You do not need 2.2 GHZ wire if you do not use dishpro equipment and I seriously doubt that they are going to require dishpro lnbf's for dishpro receivers, because if they start making all of these customers out here that got legacy lnbf's with their dishes, Dish will lose TONS and TONS of customers, because they will not want to pay. They will say that it should have come with it in the first place as well, and there would be such big lawsuits, I am sure Dish would be in a heap of dog crap more than anything else they have ever seen, if they try to do this. They have nothing to gain by doing that.

Dishpro does have its advantages though. If your current cabling situation works just fine, then it should work fine with the 721 and 921 if you have legacy lnbf's. If you do buy cable, try to get the 2.2 GHZ even if it is more expensive.

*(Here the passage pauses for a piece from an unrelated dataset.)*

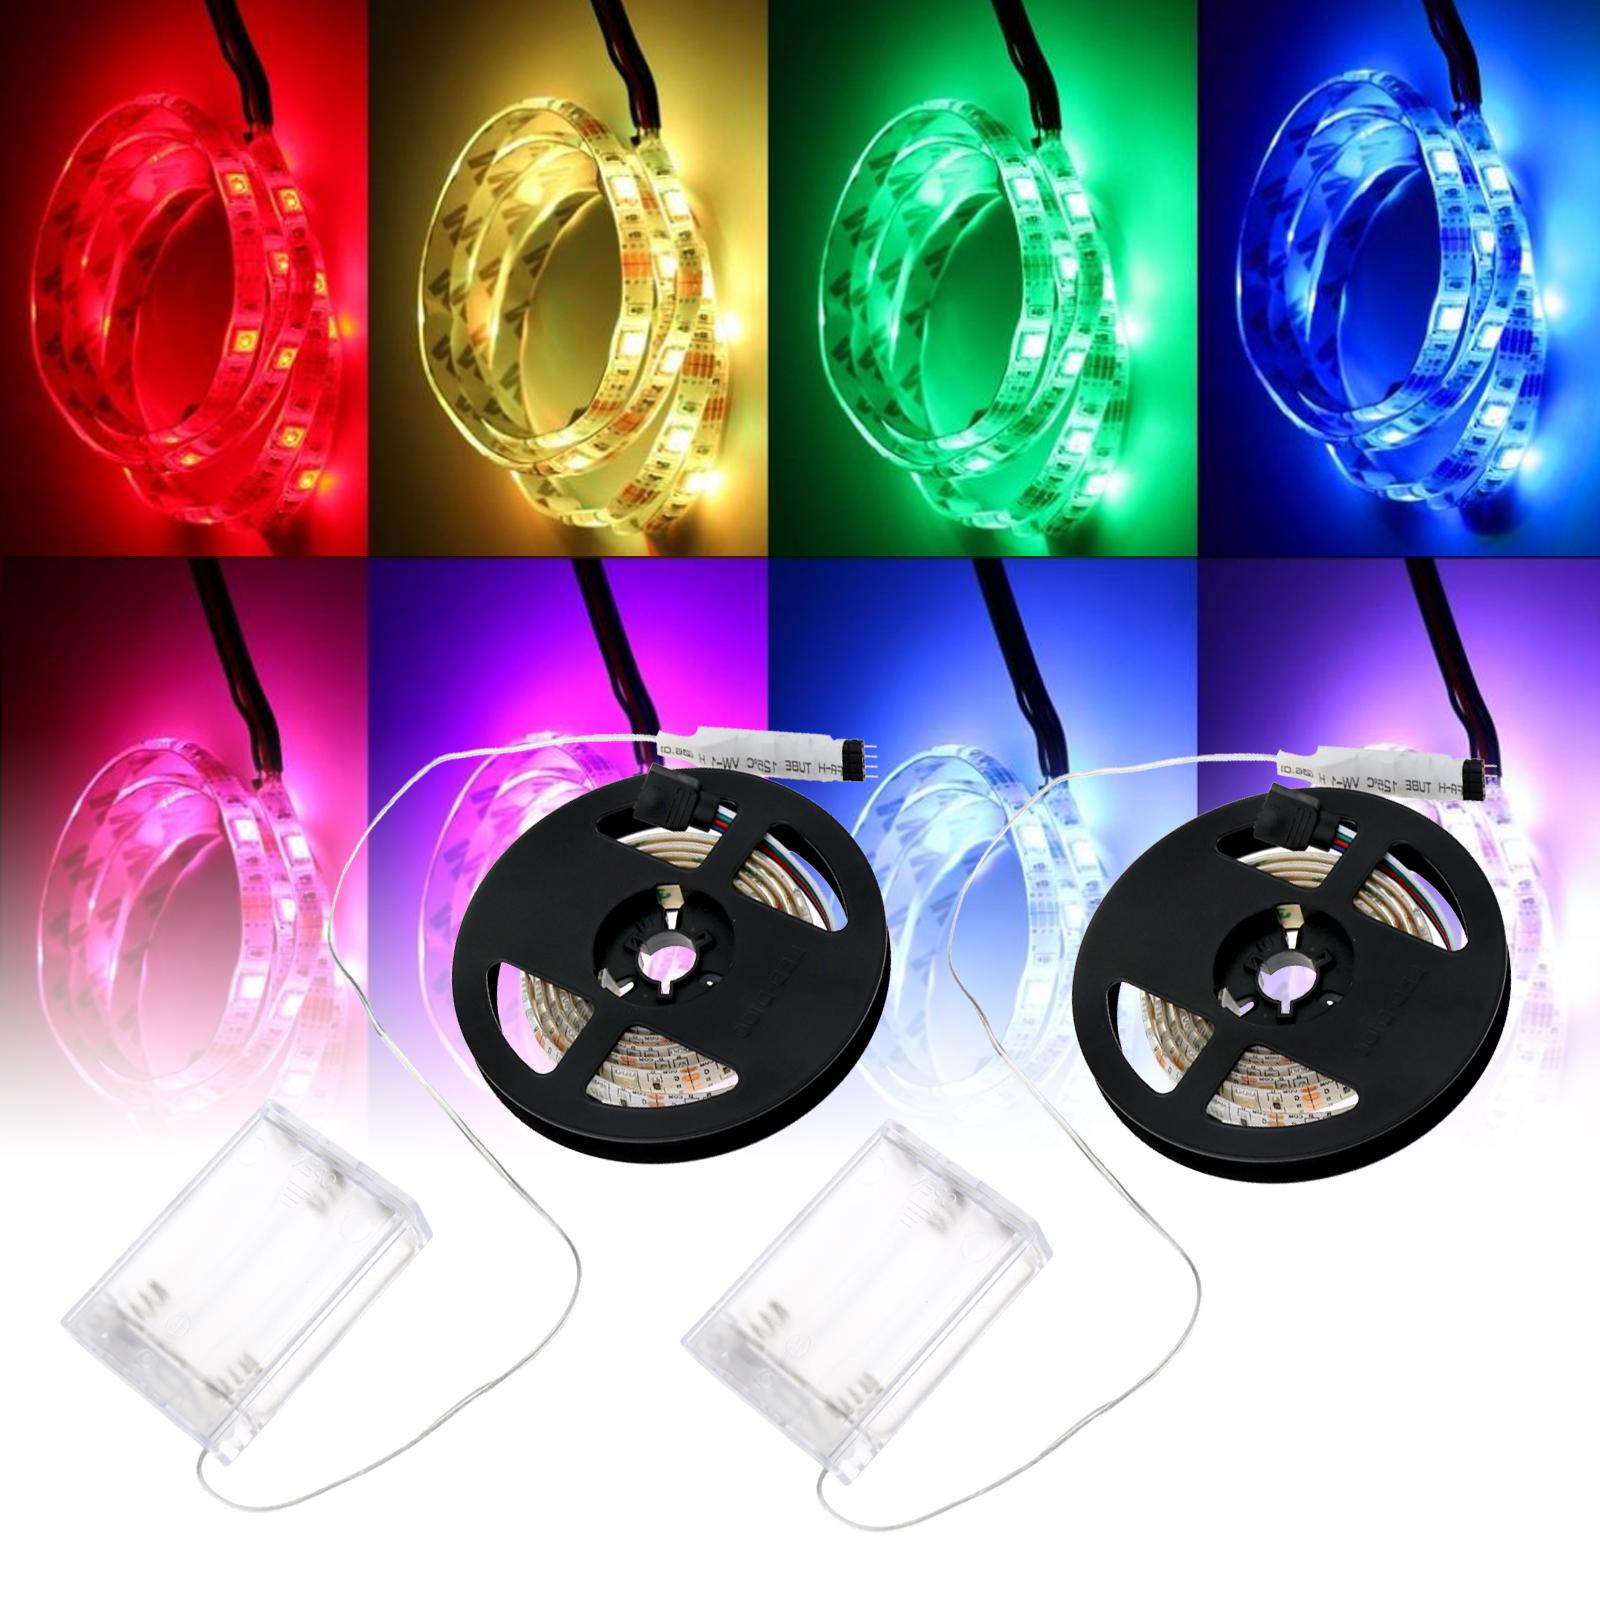 2m 5050 SMD LED Stripe Lichter Leiste Streifen Band mit USB Kabel Anschluss blau

The 3 to 4 switch is the best option if you do not like a bunch of satellites being up. I have seen some people put up an additional dish instead because it was cheaper and if one goes out they still have one left. I thought 3 to 4 switches were expensive, how much do they run? A quad is expensive too.


----------



## Big D (Aug 19, 2002)

I paid $230.00 for a DishPro Twin, a Single and a SW34 switch from Dish Depot. I believe the switch alone is $99.00, less then if I was to get a larger legacy switch and Quad. I was able to sell my old twin for $50.00, so really it cost me $180.00 to make the changeover. Now when the 921 becomes available (and if it passes muster to where I buy one), all I have to do is connect the two additional coax pre-runs from the SW34 I have waiting on the shelf just above my 721.


----------



## RAD (Aug 5, 2002)

Why worry about this. By the time Charlie get's the 921 on the market they'll be able to directly transmit images into our brains and won't need receivers.


----------



## DevoDave (Jan 4, 2003)

Can an old single horn legacy (dish 300) LNBF reciever serve a role in either a 6000 system or a 921 system to come?


----------



## Jacob S (Apr 14, 2002)

You can use it for either one of those but you would only have one of the two inputs connected for the 921 unless it has two outputs on the one lnbf (horn as you call it) then you can connect both of those into the 921. The 921 will have two inputs in it because it has two tuners. You would only be able to receive one orbital slot though in which the main one is 119, not picking up the 110 slot as well like you could with a dish 500, so if you wanted the top 150 package then you would not be able to pick up the extra channels.

In regards to the 6000 you could use this dish for the 61.5 orbital slot to pick up your HD channels in which is what the 6000 is intended for. You could also use it for the 119 orbital slot but not be able to pick up any HD channels there.


----------